Recently proposed legislation requires students to complete the Free Application for Federal Student Aid (FAFSA) form as a condition of high school graduation.

This newest bureaucratic burden would place further non-curriculum/instructional requirements on students and families without any guarantee of incentives or informative components — and punishing them for perceived non-compliance sends a nonsensical message through overt government overreach.

Many parents are uncomfortable with disclosing financial information — including income and assets — to the government. In addition, undocumented students and parents may be apprehensive about submitting this form and are already ineligible to apply for FAFSA anyway. Opt-out waivers are equally concerning as this also sends a non-compliance message, and the requested information or qualification for opting out is unclear.

While the hope for the proposal is that Michigan high schools would work with counselors and college support staff to help students complete these forms, the bill will ultimately place the onus on students and parents instead of school administrators.

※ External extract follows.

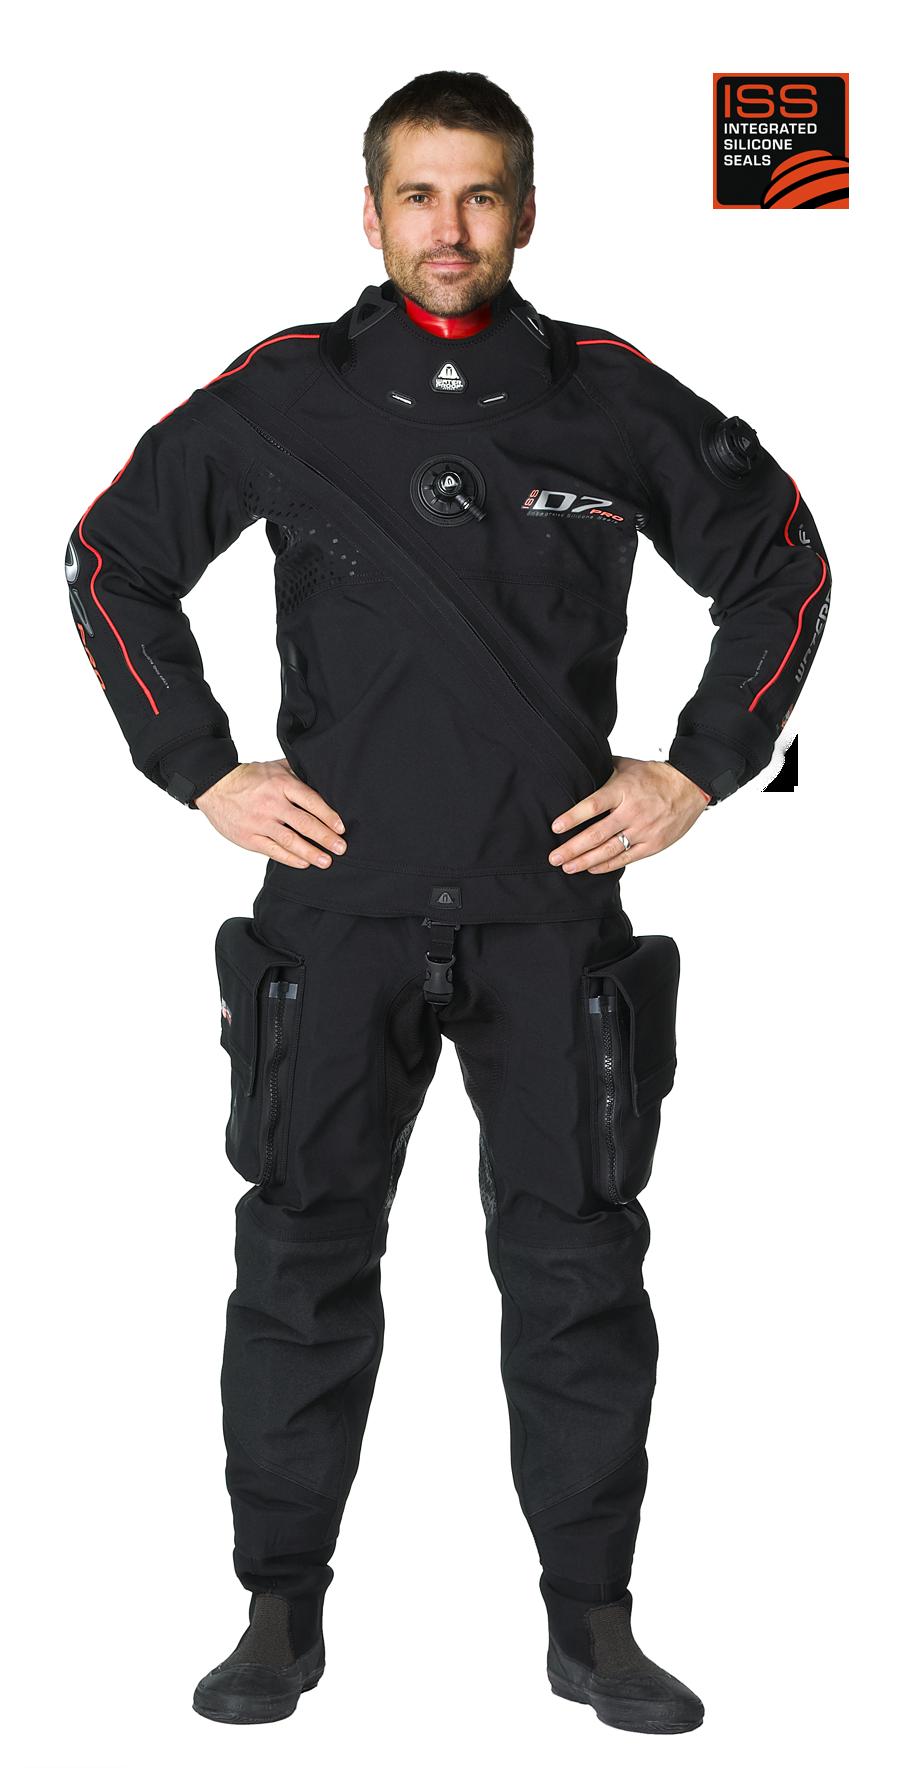 Сух водолазен костюм D7 PRO ISS - Waterproof

In addition to the red tape, the plan ignores the reality that an explosion of financial aid and student loans has contributed to a student debt crisis in our nation. The amount of student debt in 2020 was more than double from where it was in 2008. Young people often go through this process with an unclear idea of what receiving aid funding entails and do not realize the implications of the small print or strings attached to grants. Loans are frequently misrepresented to an already overwhelmed student and their parents.

Excessive government involvement and societal conditioning to accept nothing but a college degree has led to this process playing out over and over. This has led to calls for taxpayer-funded bailouts tabbed as student loan relief. Why would we pursue reactive legislation here in Michigan that piles on to these problems without proactively addressing their core components — like the skyrocketing cost of higher education?

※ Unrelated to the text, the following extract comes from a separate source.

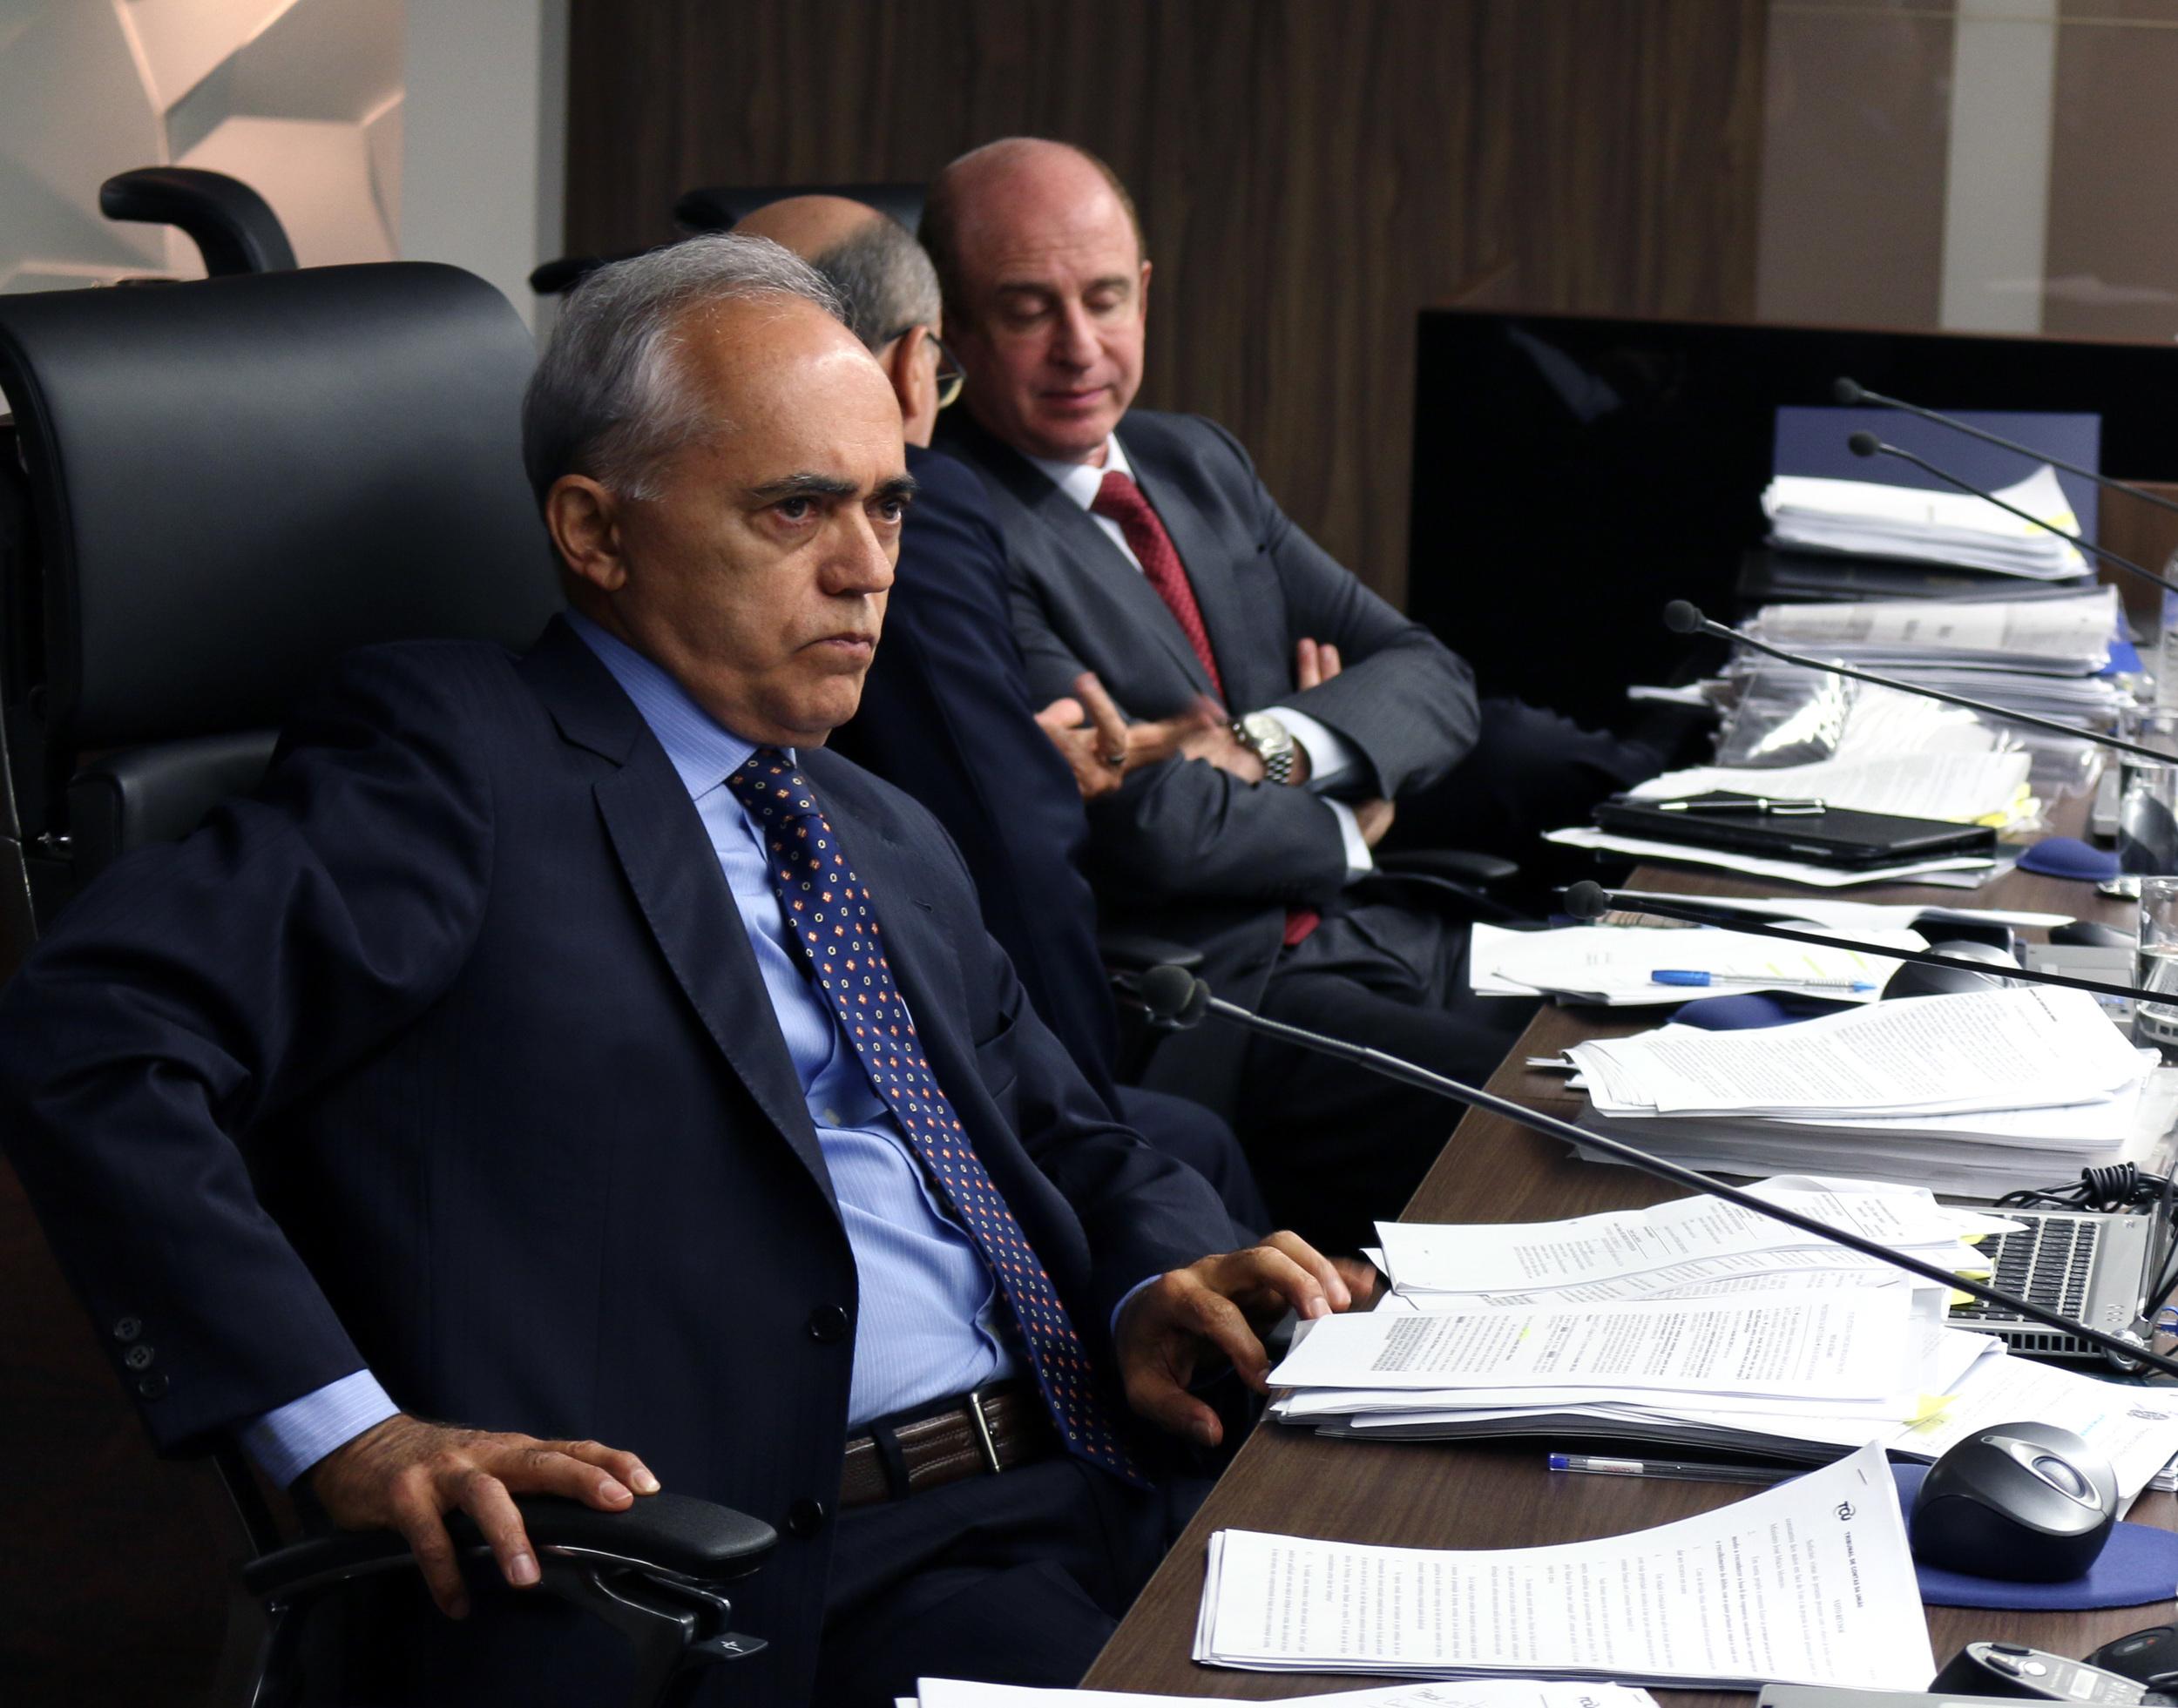 Ministro relator Raimundo Carreiro. Foto: Filipe Calmon / ANESP

Resources for schools to advise students of multiple, viable post-college options would help alleviate the growing number of young people in serious debt. It would also help replenish our trade schools and provide a diversified workforce that allows our state to be attractive for job providers looking to locate here.

According to Pew Research Center, about a third of people between the ages of 25 and 39 with at least a bachelor’s degree and outstanding student loan debt say the lifetime financial costs of their degree outweigh the benefits. Further funneling students into financial aid nightmares is not a common-sense move state government should be pushing.

Senate Bill 463 is not what Michigan needs.

Mike Hoadley, R-Au Gres, represents Michigan’s 99th House District.